Voici quatre exemples qui illustreront bien notre définition :

– 85c Avion survolant Paris (YT PA n° 8, coté 10 E) transformé en 50F vert Avion survolant Paris (YT PA n°14 coté 2000E). Procédé : abrasion de la valeur « 85 c » et remplacement de cette dernière par la valeur « 50F », à l’aide d’un cliché adéquat ou, le plus souvent, par un dessin manuel. L’opération laisse toujours des traces…

-90c rouge et 1,5 F bleu (YT n°243 et 181 cotés 15 E) transformés en 90c rouge et 1,50 F bleu surchargés « 10 FR. » (YT PA n° 3 et 4 cotés 22250 E). Procédé : apposition d’une fausse surcharge à l’aide d’un faux cliché typographique.

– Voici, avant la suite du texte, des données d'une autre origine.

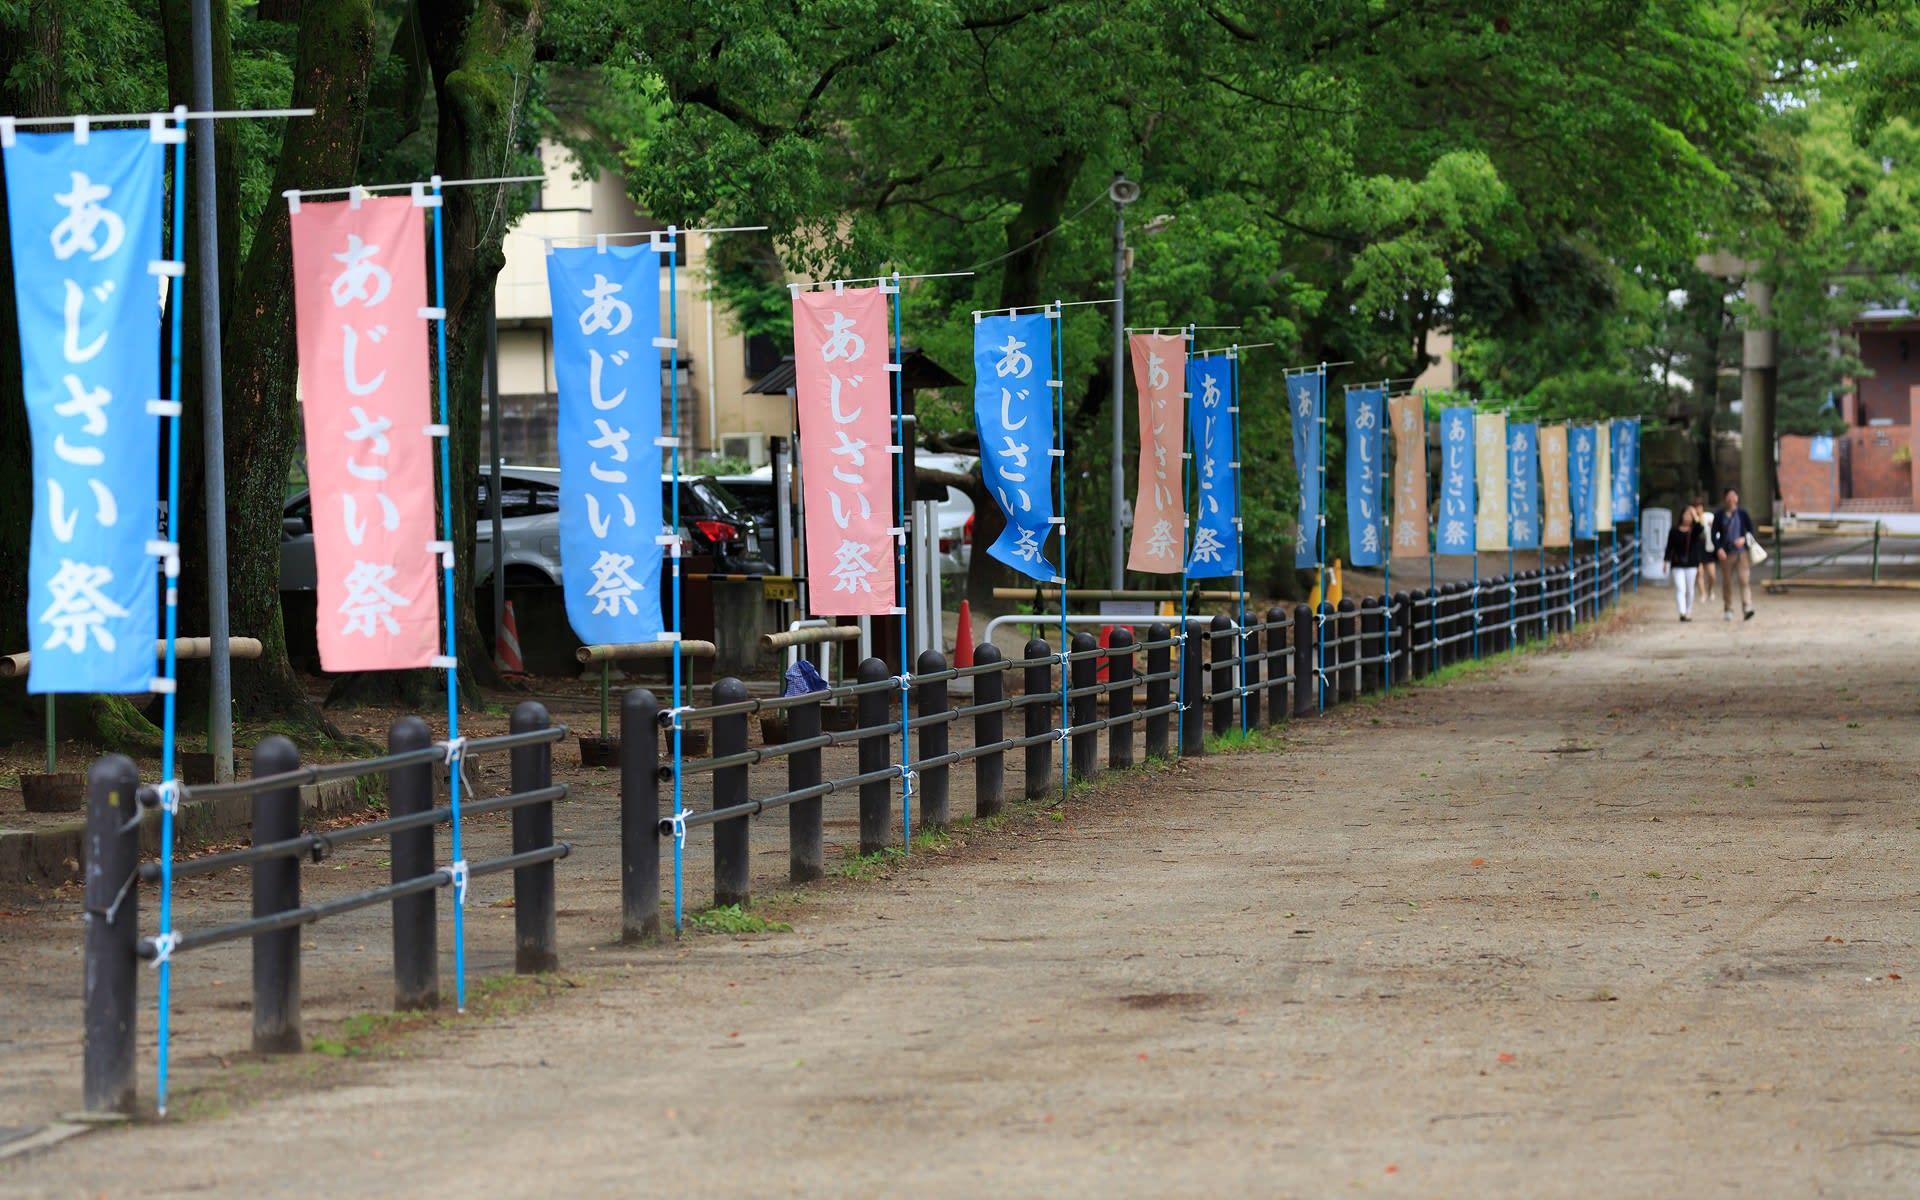 15年初夏の京都 藤森神社の壁紙その2 計31枚 壁紙 日々駄文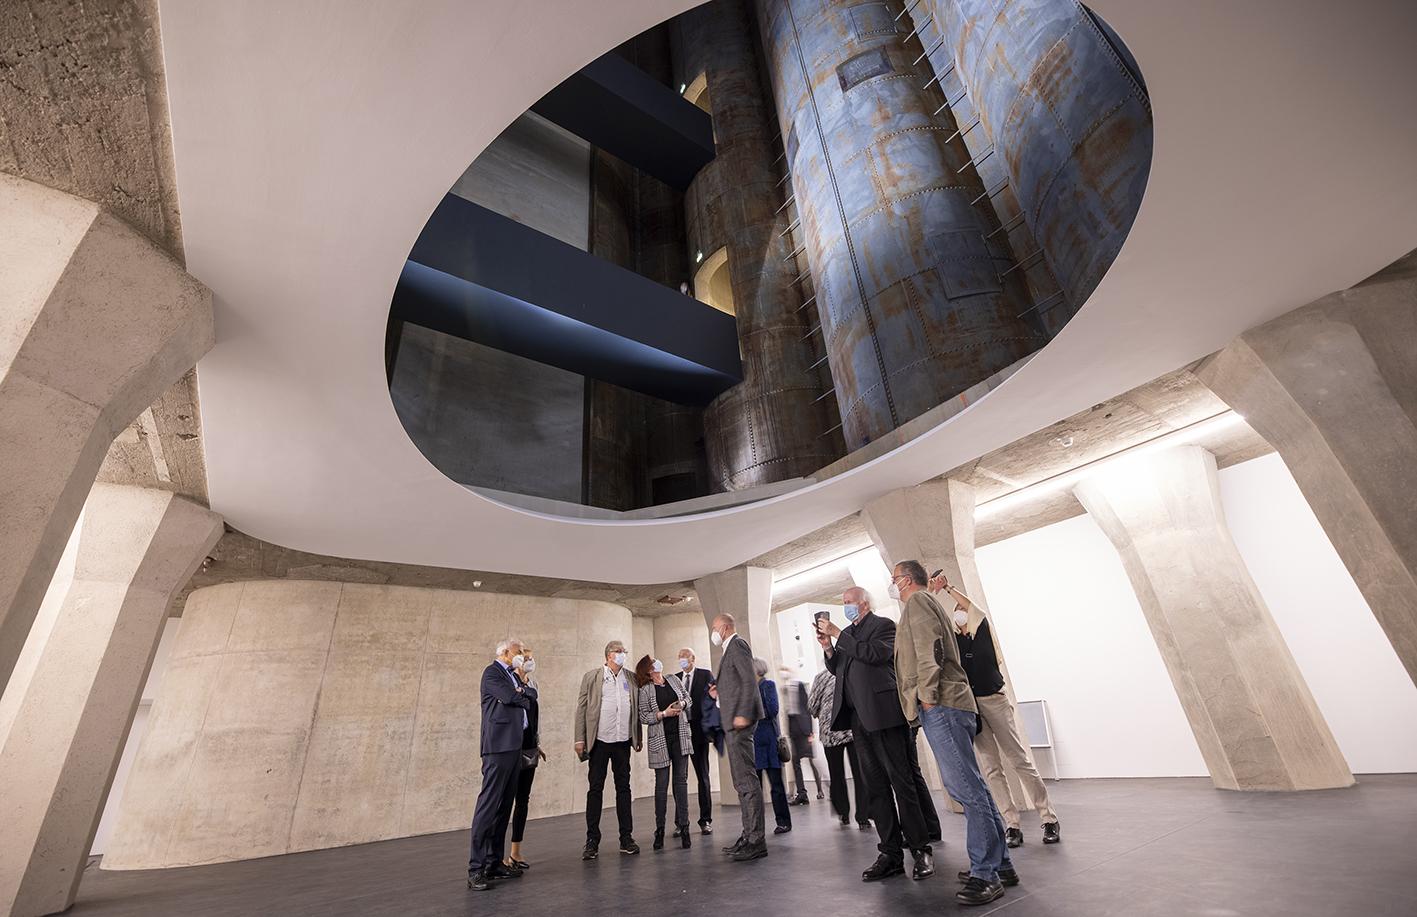 24.9.21 Eröffnung Anbau Museum Küppersmühle in Duisburg. Foto: Georg Lukas, Essen 0171 4114148

– Lettre affranchie à l’aide d’un 2c noir sur vert et d’un 3c noir sur rose au type Cérès de Corrientes (en ouverture de cet article). Ces timbres, les premiers d’Argentine, sont très rares sur lettres. Presque tous sont annulés à l’aide de trait de plume. Notre pli doit être scrupuleusement expertisé car son affranchissement oblitéré à l’aide de deux empreintes de cachets muets, est à priori exceptionnel. C’est ce que j’ai fait. Mon diagnostic ? Un truquage. Pourquoi ? 1. Ce cachet n’a jamais annulé la moindre Cérès. Il s’agit d’une fantaisie. 2. Le 3c noir sur rose est faux (faux de « Hambourg », caractérisé par la forme du N de CORRIENTE). En examinant bien le 2c noir sur vert, il est possible de voir trois traits de plume. Le pli original était affranchi à l’aide de cette seule figurine. Le faussaire l’a transformé en un pli « exceptionnel » en rajoutant un faux 3c noir sur rose et en oblitérant le tout à l’aide d’un cachet fantaisiste Auyant collectionné les Corrientes il y a quelques années, j’ai pu déceler ce truquage en quelques secondes parce que je connais le sujet à la perfection, un domaine passionnant où faux, truqués et réimpressions abondent. Ce n’est pas le cas des deux experts (généralistes) qui ont, hélas, signé le pli. Le premier a apposé sa signature sous le faux : il s’est bien trompé. Le second a signé la lettre dans son coin inférieur droit. Peut-être l’a-t-il fait avant que le faux ne soit apposé ? nous ne le saurons jamais. Certaines pièces peuvent être expertisées, signées puis modifiées après coup. La signature demeure et on conclura, à tort, à l’authenticité de la « nouvelle » pièce. La parade consiste à remplacer la signature par un certificat d’expertise. Personnellement, c’est ce que j’ai toujours fait. Je n’ai jamais signé (et accessoirement maculé) la moindre vignette.

Fig_4

Fig_4A

– 0,90F Frégate la Melpomène, gris, rouge et orange (Cérès n°1863 en haut) transformé chimiquement en 0,90 F gris et rouge, sans la couleur orange (n°1863c du même catalogue Cérès en bas).

A ce jour, tous les exemplaires qu’il m’a été donné d’expertiser sont des truquages. L’original n’existe pas. Cela, la plupart des philatélistes avertis le savent. Ce timbre est pourtant toujours répertorié et il continue d’être régulièrement proposé sur le marché philatélique.